Let \(\mathcal F\) be a class of real functions with the range \([-1,1]\), \(\gamma >0\), \(\delta >0\), and P be a probability distribution generating a sample S. Then, with probability \(1-\delta \), any hypothesis \(f\in \mathcal F\) with the margin bound \(m_S(f)\ge \gamma \) has classification error

$$ \mathrm{err}_P(f)\le \frac{4}{l} \left( d\log \frac{16el}{d\gamma }\log \frac{128l}{\gamma ^2}+ \log \frac{2}{\delta }\right) , $$

where \(d=\mathrm{fat}_{\gamma /8}(\mathcal{F})\).

A dimension-free upper bound on the fat-shattering dimension can be obtained for the class of all (homogeneous) linear functions on \(\mathcal{R}^n\) with restricted domain.

Theorem 6.6

Let \(X=\{\bar{x}:|\bar{x}|\le R\}\) be a ball of radius R in n-dimensional Euclidian space and \(\mathcal F\) be the class of all homogeneous linear functions \(f(\bar{x})=(\bar{w}\cdot \bar{x})\), where \(\Vert \bar{w}\Vert \le 1\) and \(\bar{x}\in X\). Then

$$ \mathrm{fat}_{\gamma }(\mathcal{F})\le \left( \frac{R}{\gamma }\right) ^2. $$

Substituting the bound of Theorem 6.6 into the bound of Corollary 6.5, we obtain the final theorem:

Theorem 6.7

Consider the classification problem by use of linear homogeneous functions \(f(\bar{x})=(\bar{w}\cdot \bar{x})\), where \(\bar{x}\in \mathcal{R}^n\) and \(\Vert \bar{w}\Vert \le 1\).

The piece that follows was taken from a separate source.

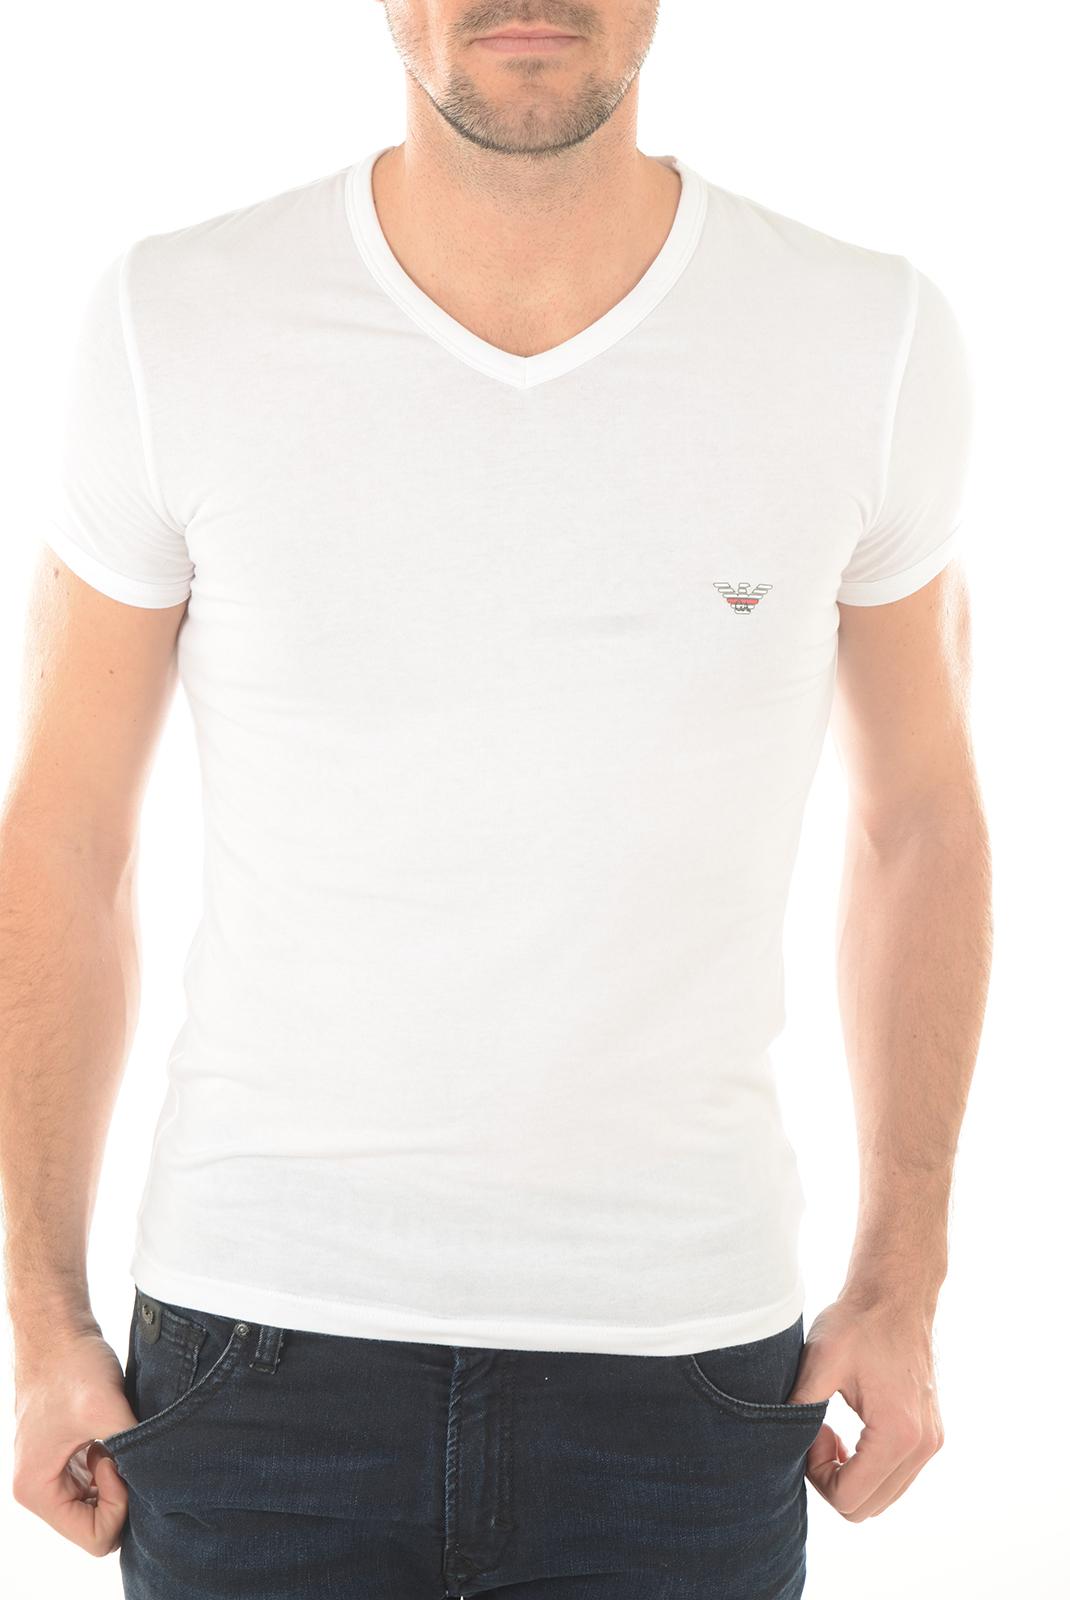 T-S manches courtes  Emporio armani 110810 6P725 10 blanc
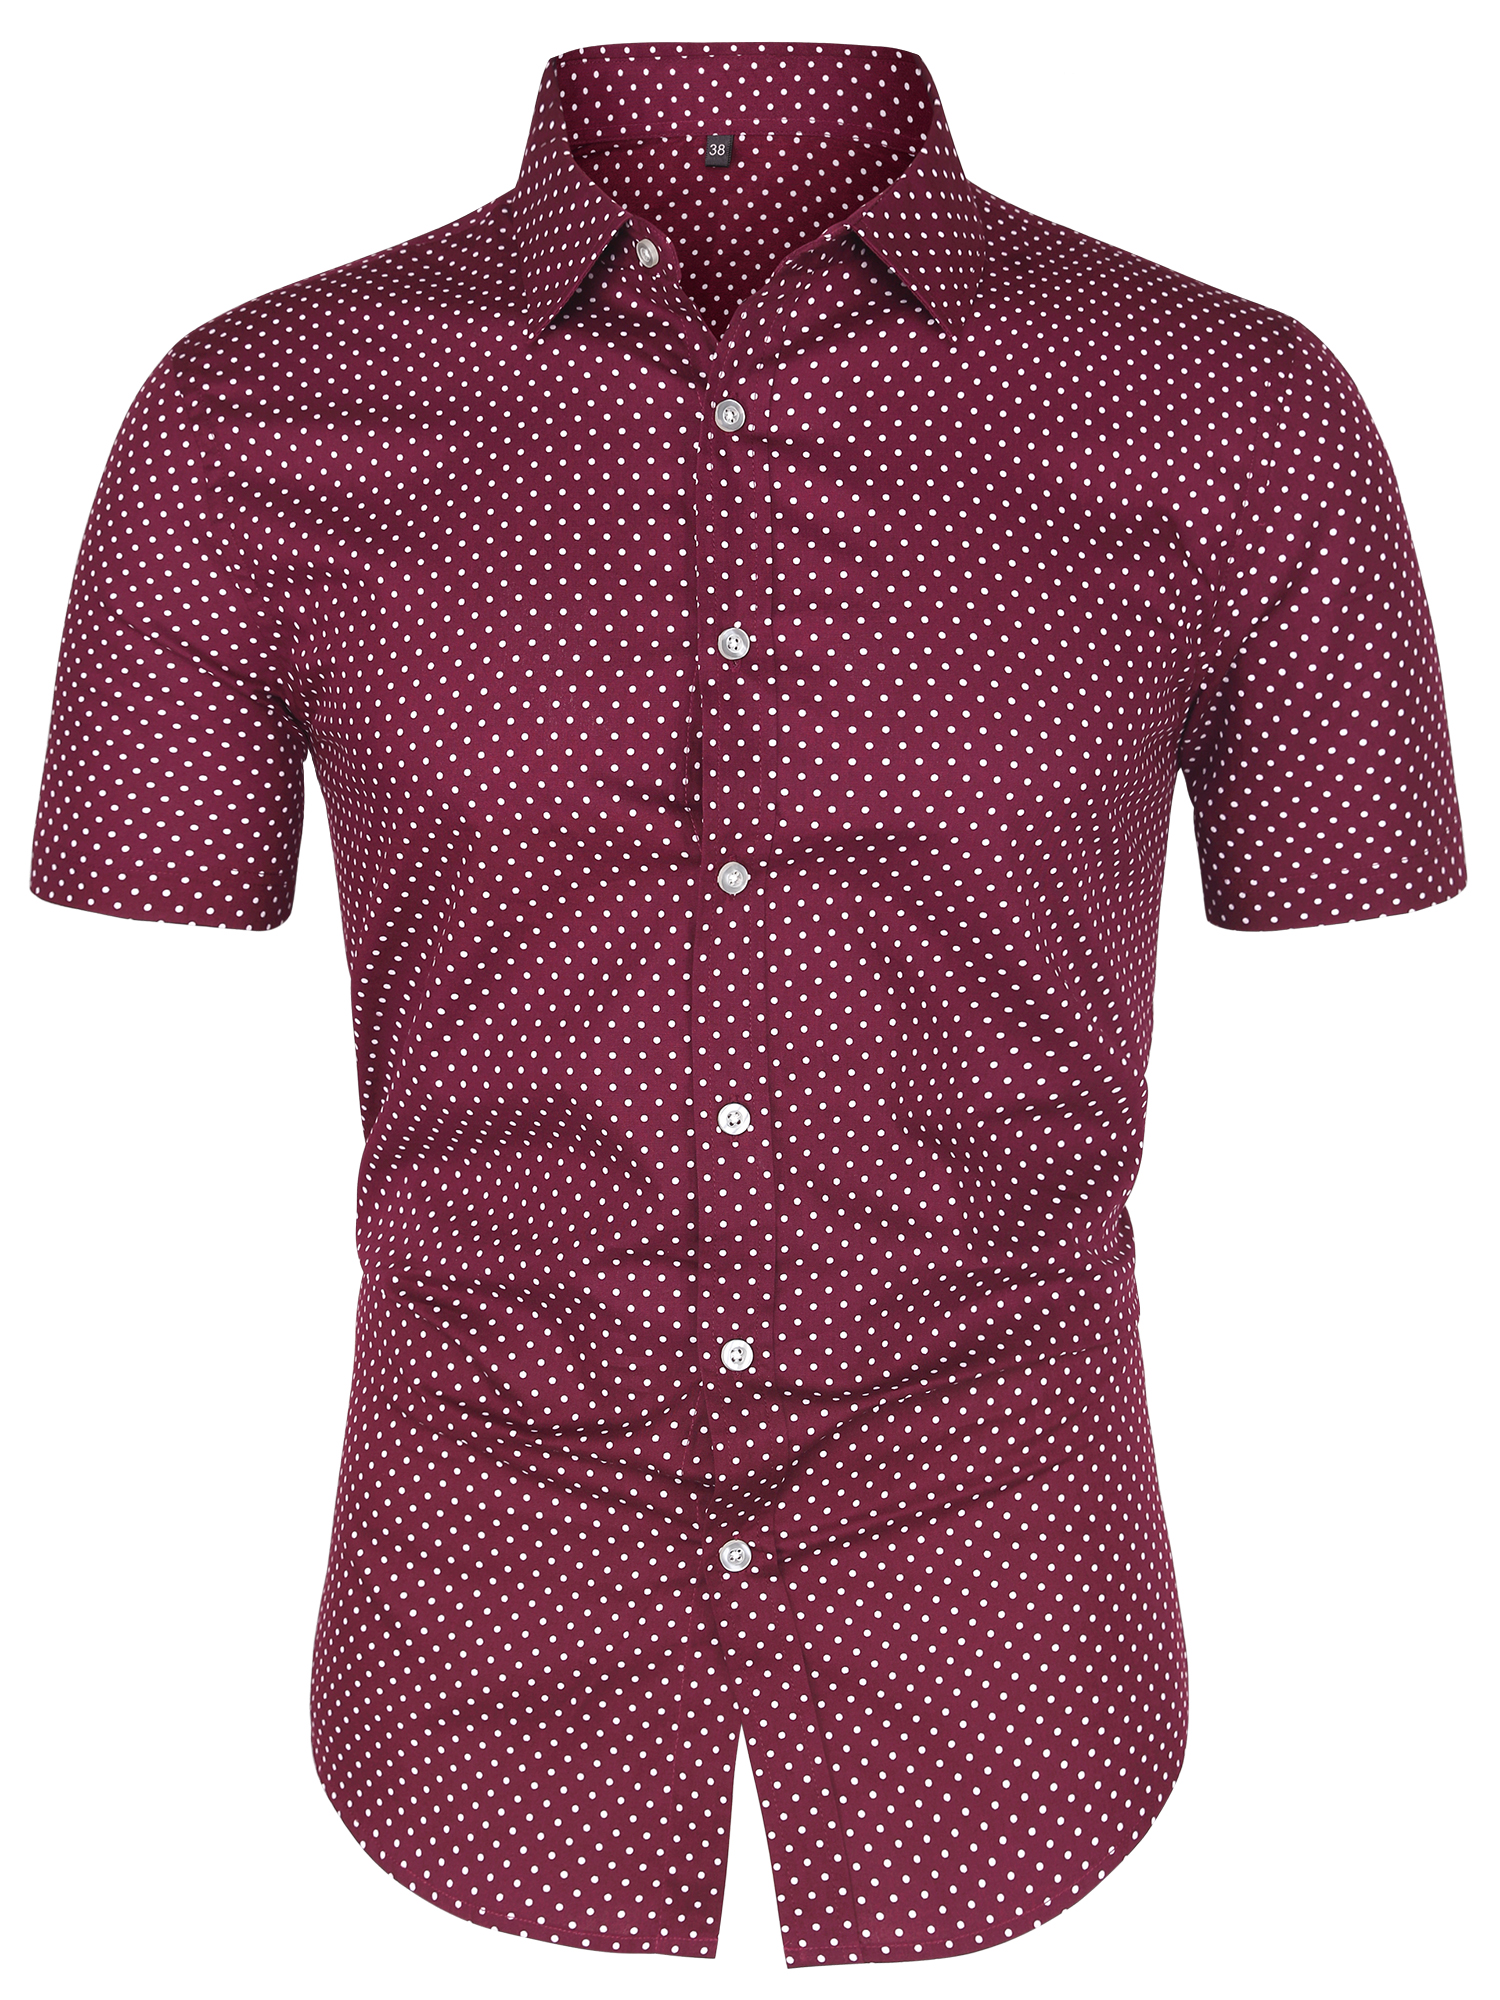 Men Short Sleeves Cotton Polka Dots Button Up Shirt Burgundy S (US 34)

Let a number \(\gamma >0\) and a probability distribution P concentrated in the ball of radius R and centered at the origin be given. Also, let a sample \(S=((\bar{x}_1,y_1),\ldots ,(\bar{x}_l,y_l))\) be generated by the probability distribution P. Then, with probability \(1-\delta \), any classification hypothesis f with margin bound \(m_S(f)\ge \gamma \) has classification error

$$\begin{aligned} \mathrm{err}_P(f)\le \frac{4}{l} \left( \frac{64R^2}{\gamma ^2}\log \frac{el\gamma }{4R}\log \frac{128Rl}{\gamma ^2}+ \log \frac{2}{\delta }\right) . \end{aligned}$$
(6.8)

The bounds of Theorems 6.6 and 6.7 form the basis of the theory of dimension-free bounds of classification errors.

Inseparable training sample. Now we extend the upper bound (6.8) to the case where a training sample is not completely separated by a classification function. This estimate serves as a basis for setting the corresponding optimization problem of constructing an optimal classifier.

Let a class \(\mathcal F\) of functions of type \(\mathcal{X}\rightarrow \mathcal R\) be given. Their domain \(\mathcal X\) is a subset of \(\mathcal{R}^n\). Any such function \(f\in \mathcal F\) defines a classifier:

$$ h(x) = {\left\{ \begin{array}{ll} 1 &{} \text {if}\, f(x)\ge 0, \\ -1 &{} \text {otherwise}. \end{array}\right. } $$

Let a sample \(S=((x_1,y_1),\ldots ,(x_l,y_l))\) be given and \(\gamma _i=y_if(x_i)\) be the margin of an example \((x_i,y_i)\in \mathcal{X}\times \{-1,1\}\) with respect to a function \(f\in \mathcal F\).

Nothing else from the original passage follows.